UNO

El camino hacia la escuela

 

Van saltando por entre los charcos de agua, hundiendo sus pies en el barro que las lluvias torrenciales han depositado como una ofrenda legada por el invierno.

Los niños ya están acostumbrados a aquel camino que recorren diariamente. En verano es un lazo polvoriento, enmarcado por dos enormes alambrados cubiertos de zarzamoras. En primavera, no deja de parecerse mucho al aspecto que tiene en verano, sólo que por entre las zarzamoras vuelan mariposas y se esconden lagartos que surgen repentinamente por entre las piedras del sendero. En otoño, los álamos que se divisan más allá de los matorrales se visten de amarillo y de rojo. Luego se desvisten con gracia alada, las hojas se desprenden como si fueran mariposas aturdidas que resbalaran de las ramas. 

 

Los chicos avanzan dando brincos. Van vestidos con la chupalla1 que los protege del sol y de la lluvia, con el poncho oscuro que a veces adornan dibujos ingenuos, cosidos con lanas multicolores.
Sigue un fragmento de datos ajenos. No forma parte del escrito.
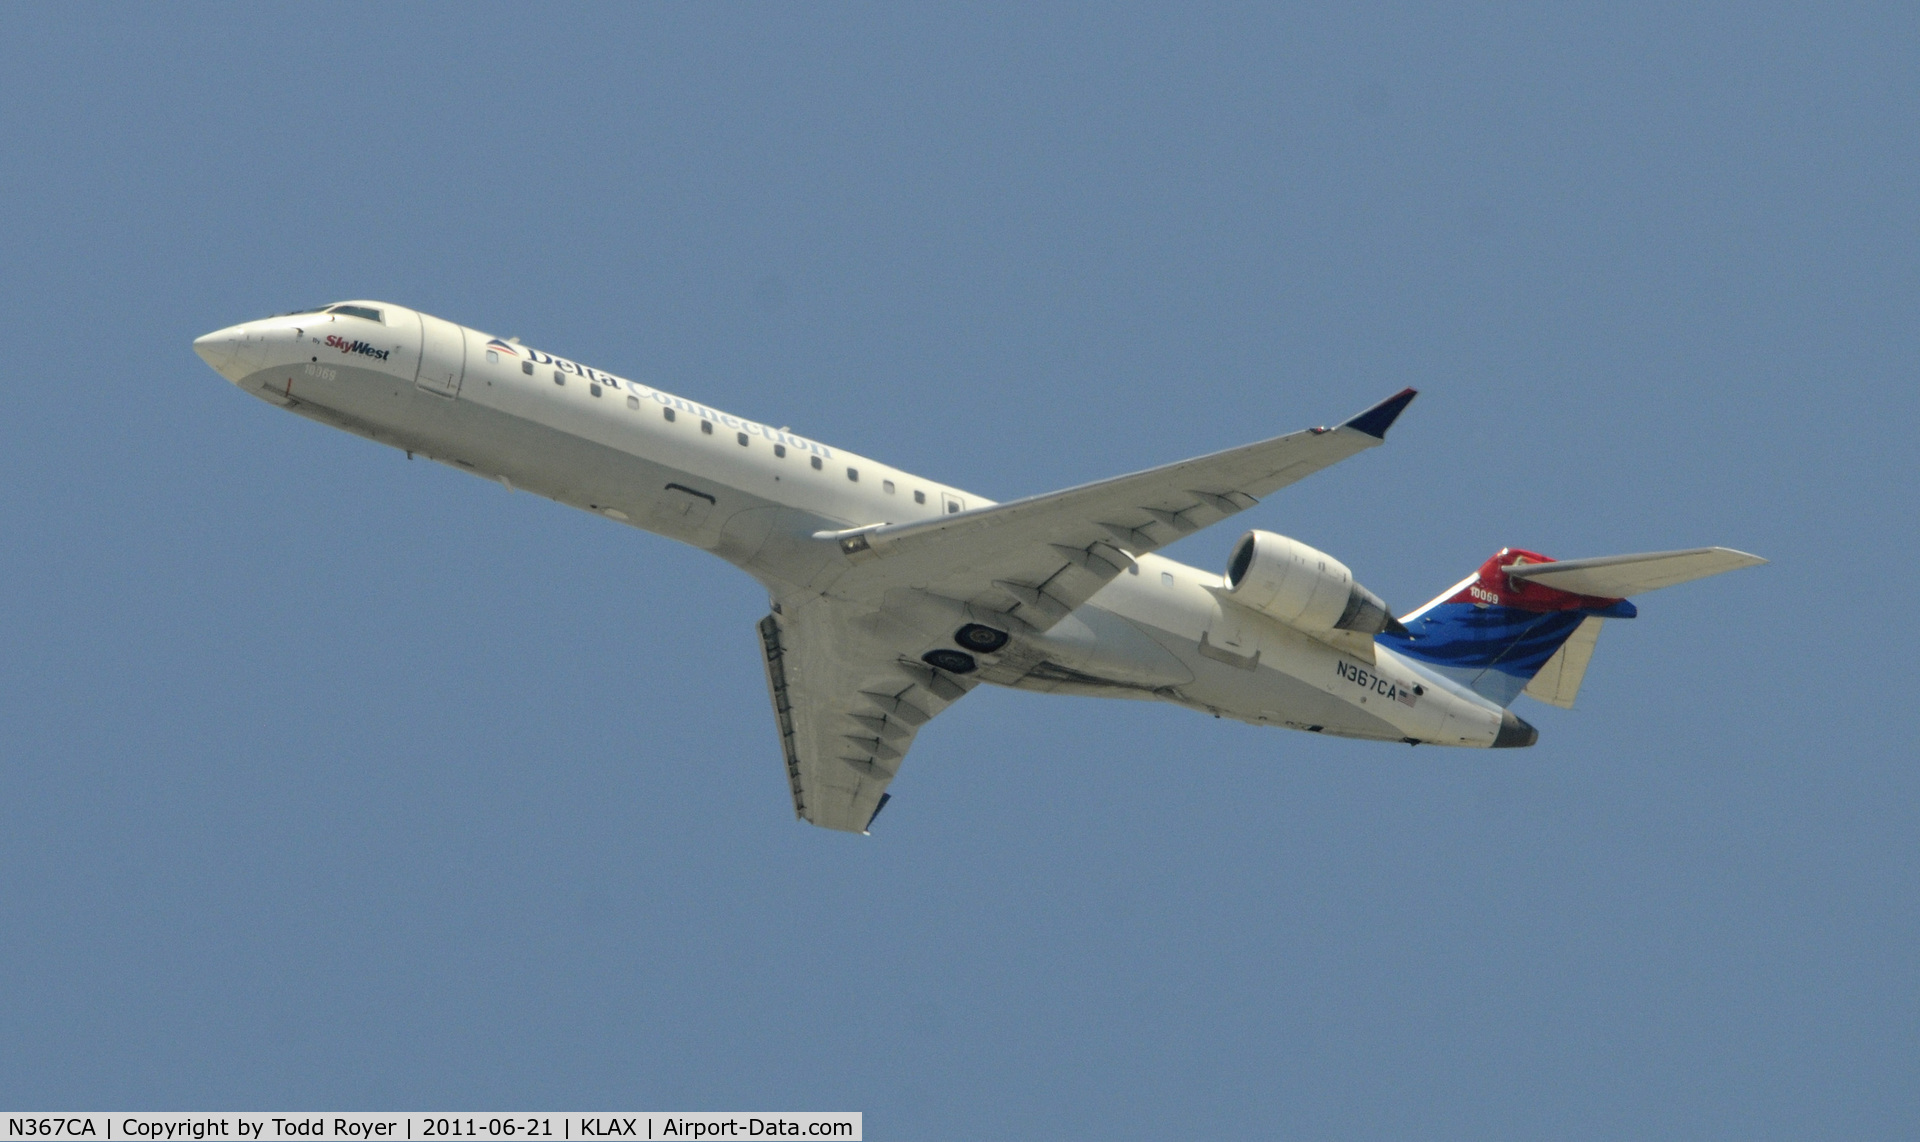 N367CA, 2002 Bombardier CRJ-701 (CL-600-2C10) Regional Jet C/N 10069, Departing LAX

Aquellos dibujos han costado noches de vela, atardeceres junto a la lumbre, cuentos de aparecidos y animita2 mientras unas manos oscuras y arrugadas combinan cada manchita roja, verde, azulina o amarilla.

Los pies, para no dañarse con las piedras, calzan ojotas

 Un par de ojotas cuesta 3000 pesos, o dos días de labor en un campo ajeno, o también, dos sandías y tres kilos de papas.

Capítulo 2


 1.- sombrero de paja

2.- almas de los difuntos

3.- calzado hecho con tiras de cuero y suela de llantas de camión.